Rationale: Early detection of complications (e.g., pleural effusion, sepsis) allows for prompt intervention.

Educate the Patient on Proper Hand Hygiene and Respiratory Etiquette:

  • Instruct the patient and family members on proper handwashing, coughing into tissues, and using masks to prevent the spread of infection.

Rationale: Pneumonia, especially in cases of viral or bacterial infections, can be contagious and requires infection control measures.

Provide Nutritional Support:

  • Offer small, frequent, high-calorie meals to prevent fatigue and support recovery.
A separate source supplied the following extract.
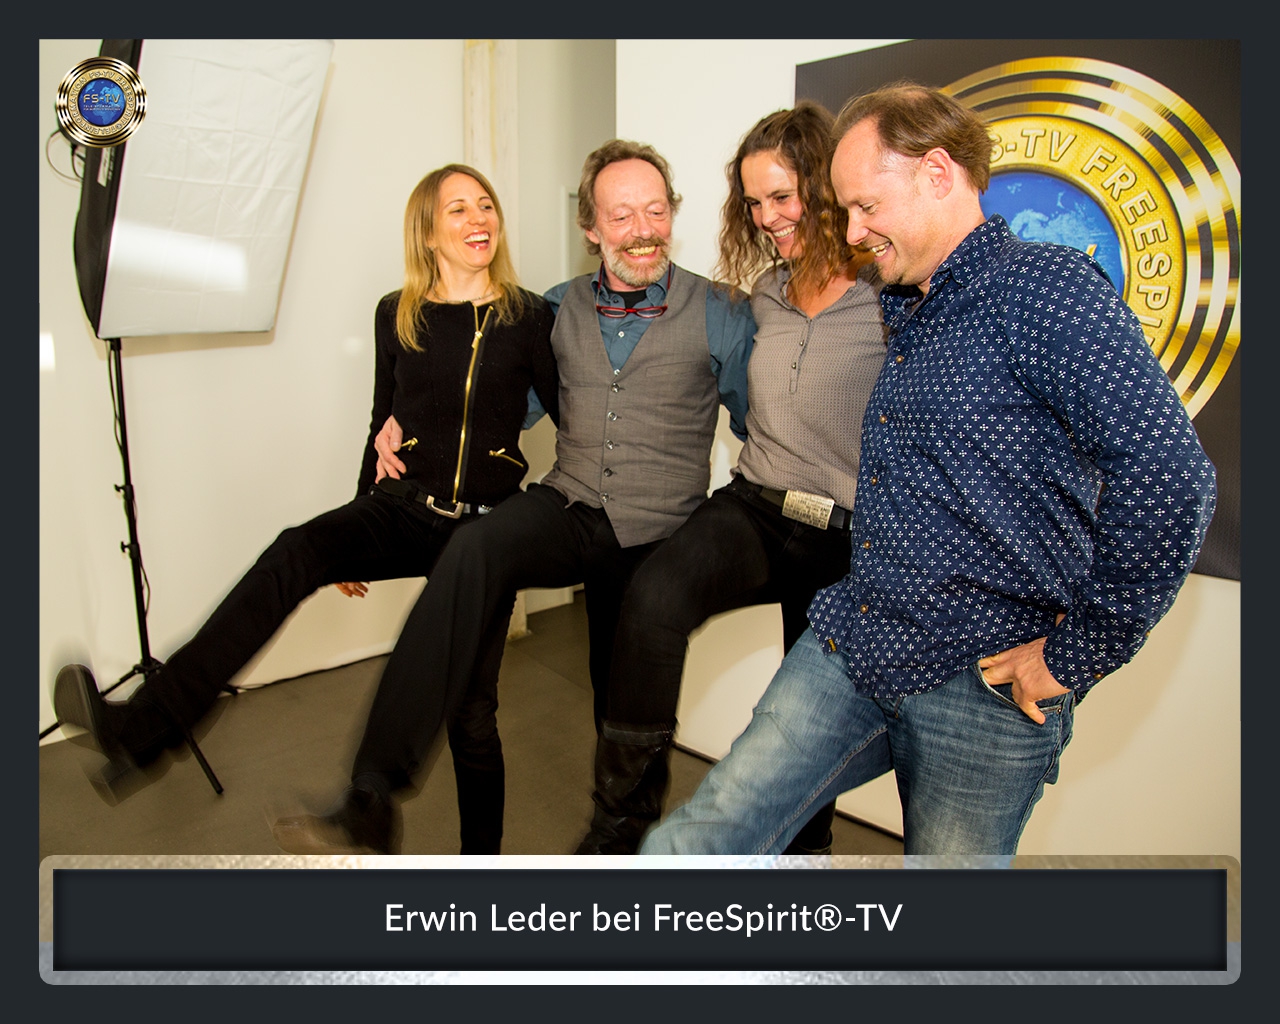 FS-TV-Bildergallerie-Erwin-Leder2

Rationale: Adequate nutrition supports immune function and tissue repair during the recovery process.

Evaluation:

  • The patient’s oxygen saturation has improved to >92% on room air.
  • Breath sounds have improved with diminished crackles, and the patient reports easier breathing.
  • The patient is able to expectorate secretions effectively.
  • The patient reports reduced fatigue and increased ability to participate in activities of daily living.
  • No signs of complications such as sepsis or respiratory failure are noted.

Documentation:

  • Date and time of respiratory assessments, including lung sounds, oxygen saturation, and respiratory effort.
  • Details of oxygen administration and patient response.
  • Medications administered, including antibiotics and their effects.
  • Fluid intake and output, as well as signs of dehydration or adequate hydration.
  • Patient and family education on pneumonia management and infection prevention.